Je n’ai pas le talent de Chroniques blondes, mais je crois que je vais derechef ajouter une catégorie à ces chroniques: « Jojo dans le métro » que ça va s’appeler.

Je dois avoir une bouille sympathique, une bouille qui vous dit, au premier regard, que même si vous m’aborder sans que je ne vous y invite, je ne vous enverrai pas bêtement promener. Qui plus est, règle générale, les enfants me sourient spontanément et me font des « tata » quand je débarque avant eux. Faut dire que je n’ai pas peur de faire une folle de moi et de leur faire tous plein de simagrées pour les faire rire, et au yabe ce que les messieurs en cravate en pensent. J’en ai rien à foutre, des messieurs en cravate du métro qui s’obstinent à regarder leur bébelleberry pour éviter de voir les madames enceintes-jusqu’aux-oreilles, afin de ne pas avoir à céder leur place assise. Pas plus que des humeurs des matantes sur le bord de la retraite qui soupirent fort parce que des touts-petits osent pleurer à l’heure de pointe: j’ai toujours envie de leur répéter plus fort que ce sont ces petits-là qui paieront nos chèques de retraite dans quelques années…

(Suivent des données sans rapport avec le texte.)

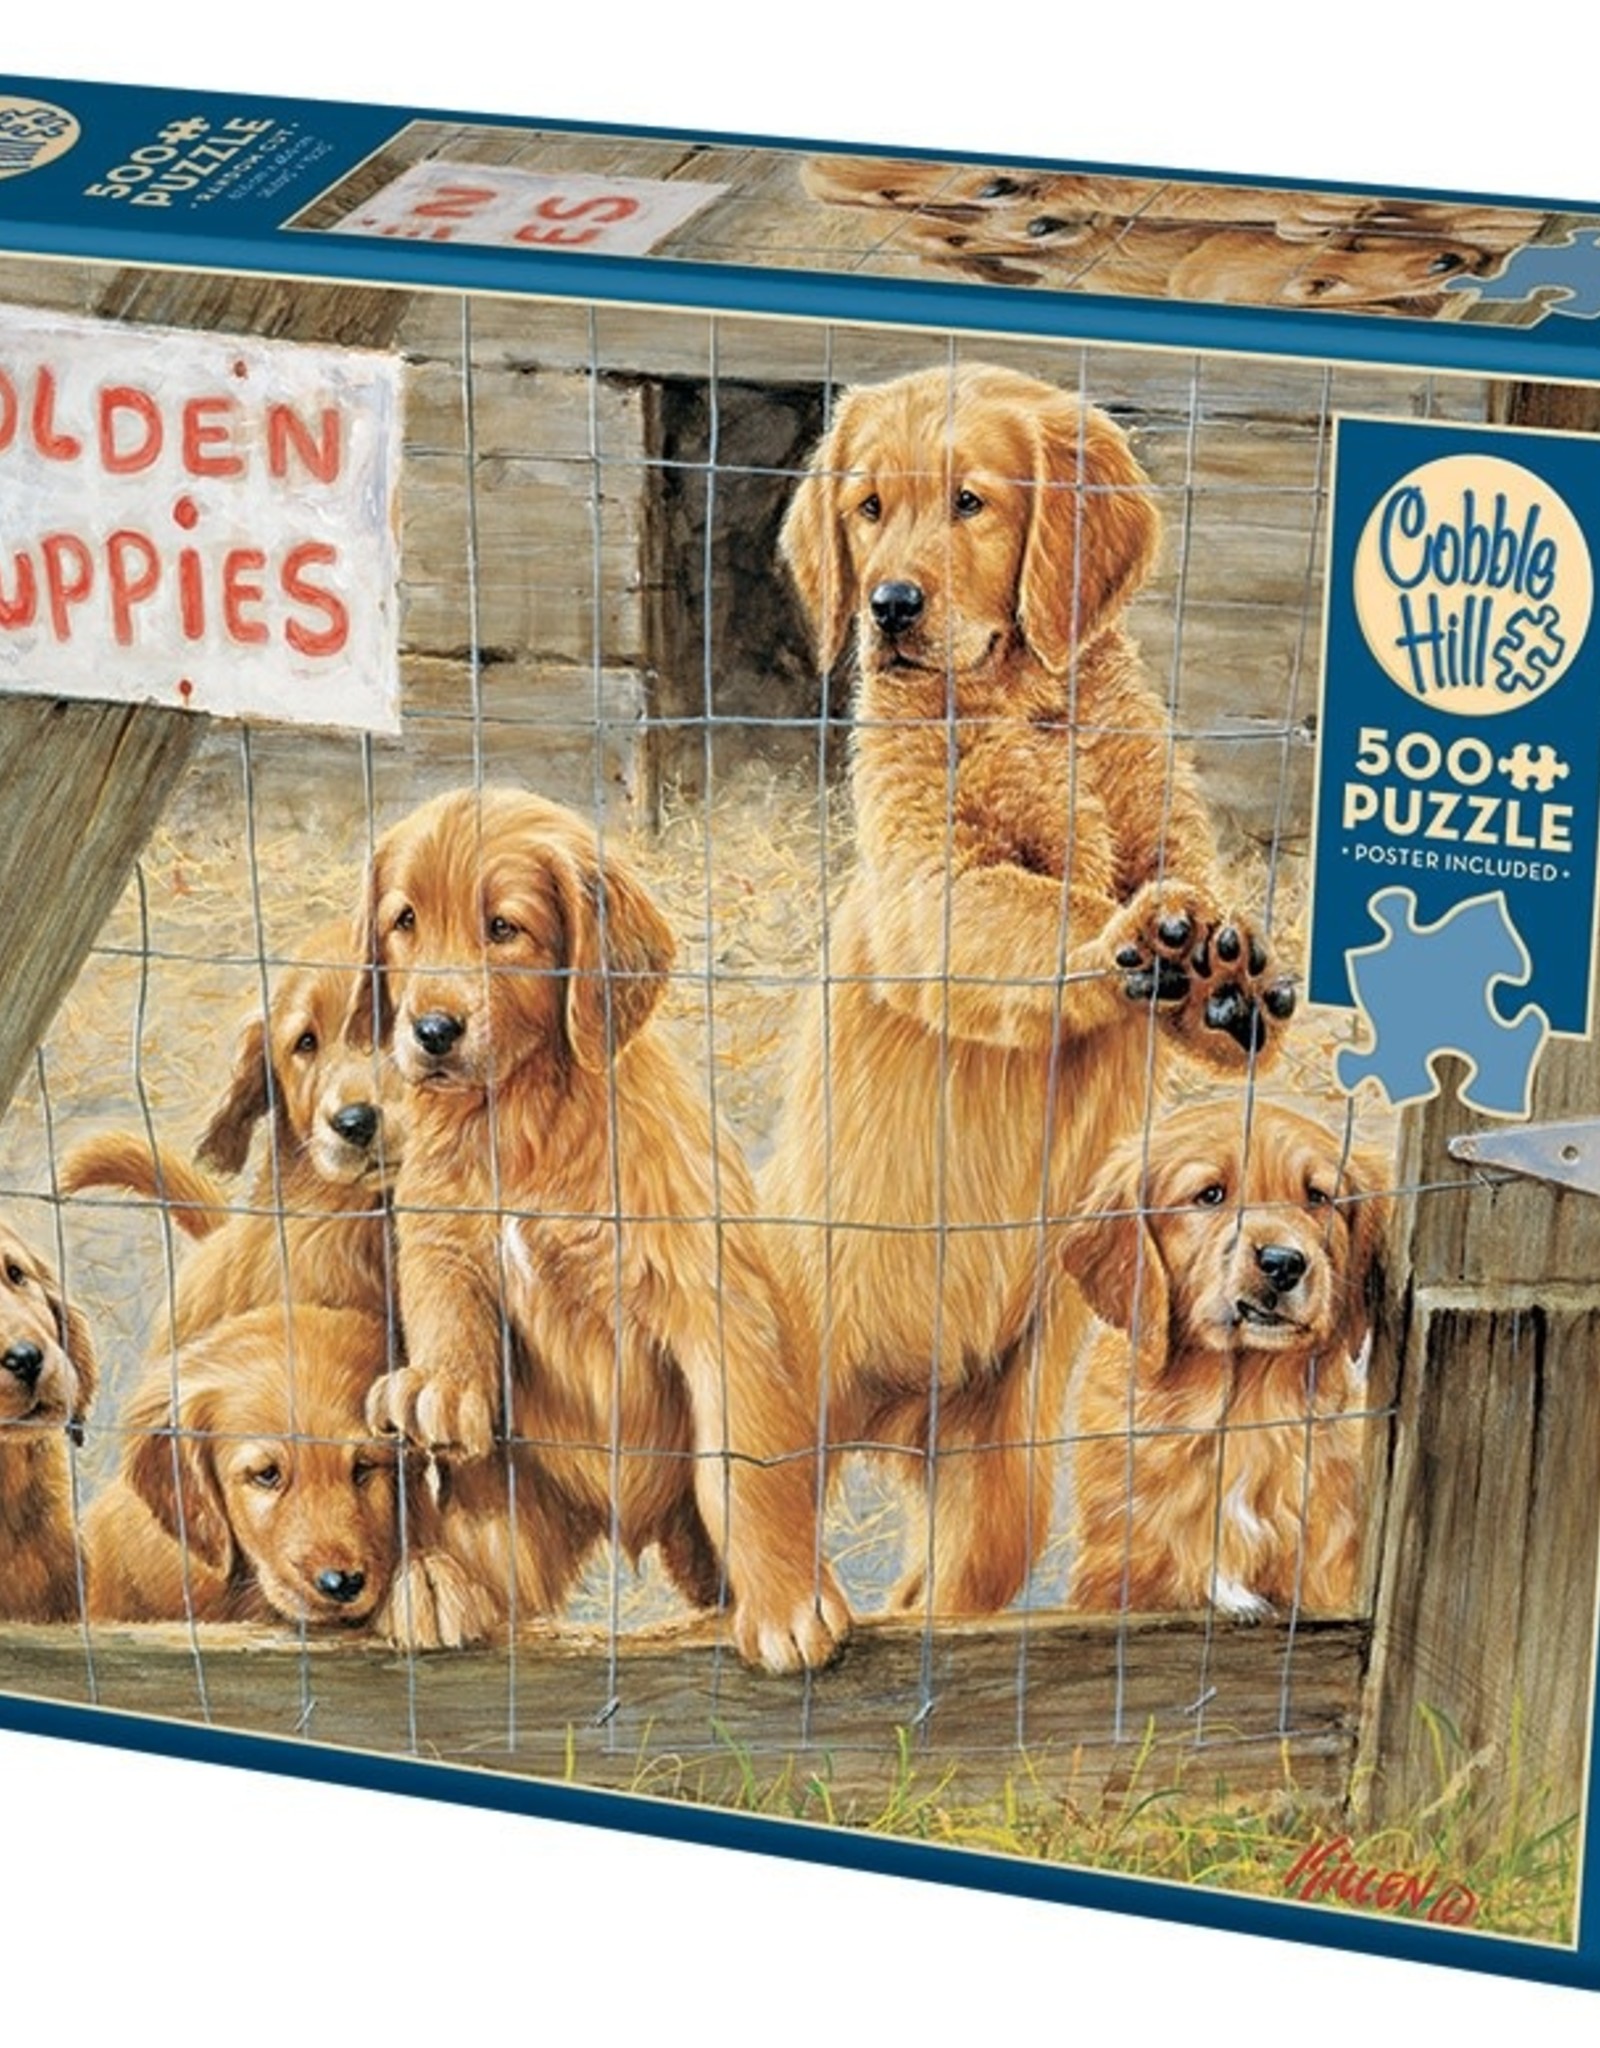 Cobble Hill Puzzles Golden Puppies - 500 Piece Puzzle

Bref, tout ça pour vous dire qu’inévitablement, c’est à moi que le sans-abri s’adresse, ou que la personne désinstitutionnalisée aborde pour jaser. Toujours. Et c’est ok. J’imagine que la journée doit être longue quand personne ne prend la peine de répondre à ton salut. La nature ne m’a pas donné une patience d’ange – hein mammouth! – mais dans ces cas-là, on dirait que toute trace d’impatience ou d’inconfort disparaît. Peut-être parce que pendant des années, j’ai dû cotoyer, dans des cocktails de financement de toutes sortes, des gens qui finalement, étaient pas mal moins intéressants, mais fort intéressés.

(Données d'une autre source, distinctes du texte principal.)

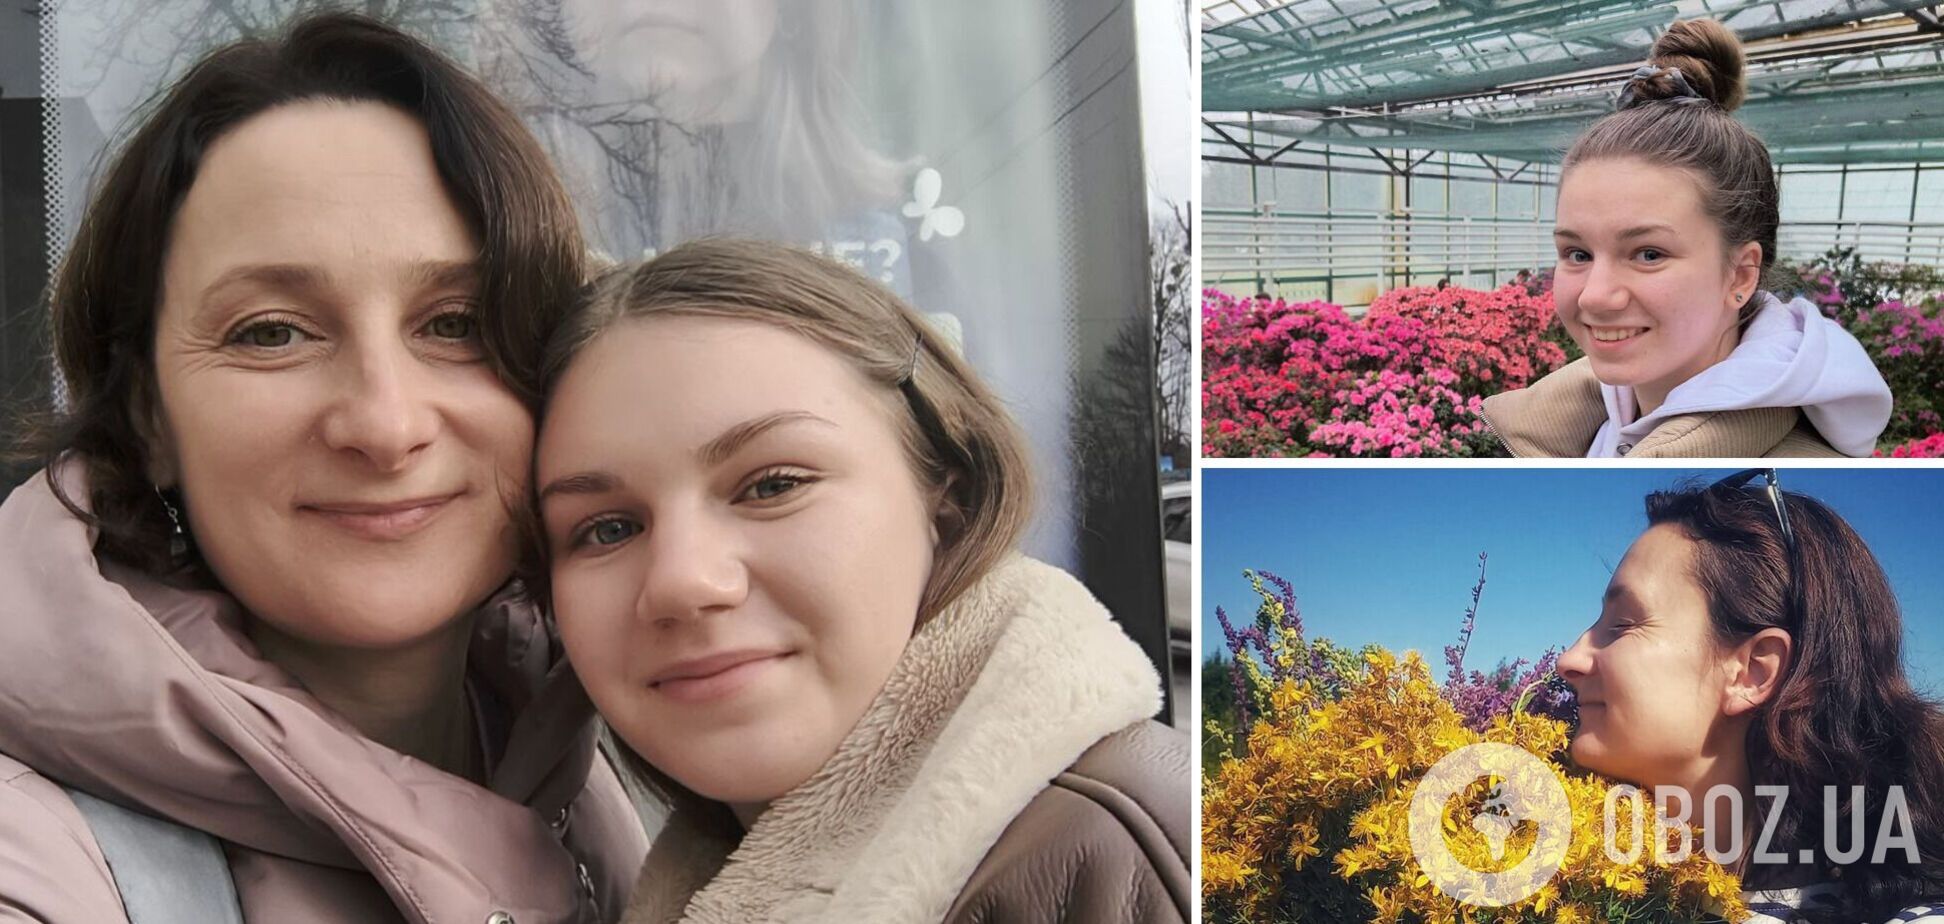 Ее депортировали россияне, а она сбежала в Украину. Невероятная история Валерии и Ольги, установившей опеку над 17-летней сиротой

Hier soir, un jeune homme s’est installé à côté de moi et s’est mis à me raconter sa vie, en fabulant fort – enfin je pense. Décousu, mais tellement gentil, il m’a fait pensé à ces enfants qui te demandent sans cesse « maman, maman, regardes! » Un grand, un immense besoin d’attention. En face de moi, un monsieur à cravate et une matante au bord de la crise de nerfs qui me regardaient de travers, de peur que je les implique dans notre conversation. Arrivé à destination, il s’est levé, m’a salué poliment et m’a dit « Merci madame ». Et j’ai pensé à tous ces enfants handicappés, qui ne pourront jamais même prendre le métro seuls et à leurs parents qui donneraient probablement cher pour qu’ils y arrivent. Et j’ai pensé à nos enfants, parfois insupportables, mais en santé physique et mentale.

Je le sais, je voulais être canonisée sainte de mon vivant. Mais j’ai encore du chemin à faire pour convaincre Ben XVI de me mettre sur sa liste d’appel…Entretemps, je me souhaite de garder ma patience envers ceux qui ont le goût, pendant quelques stations de métro, de partager leur quotidien.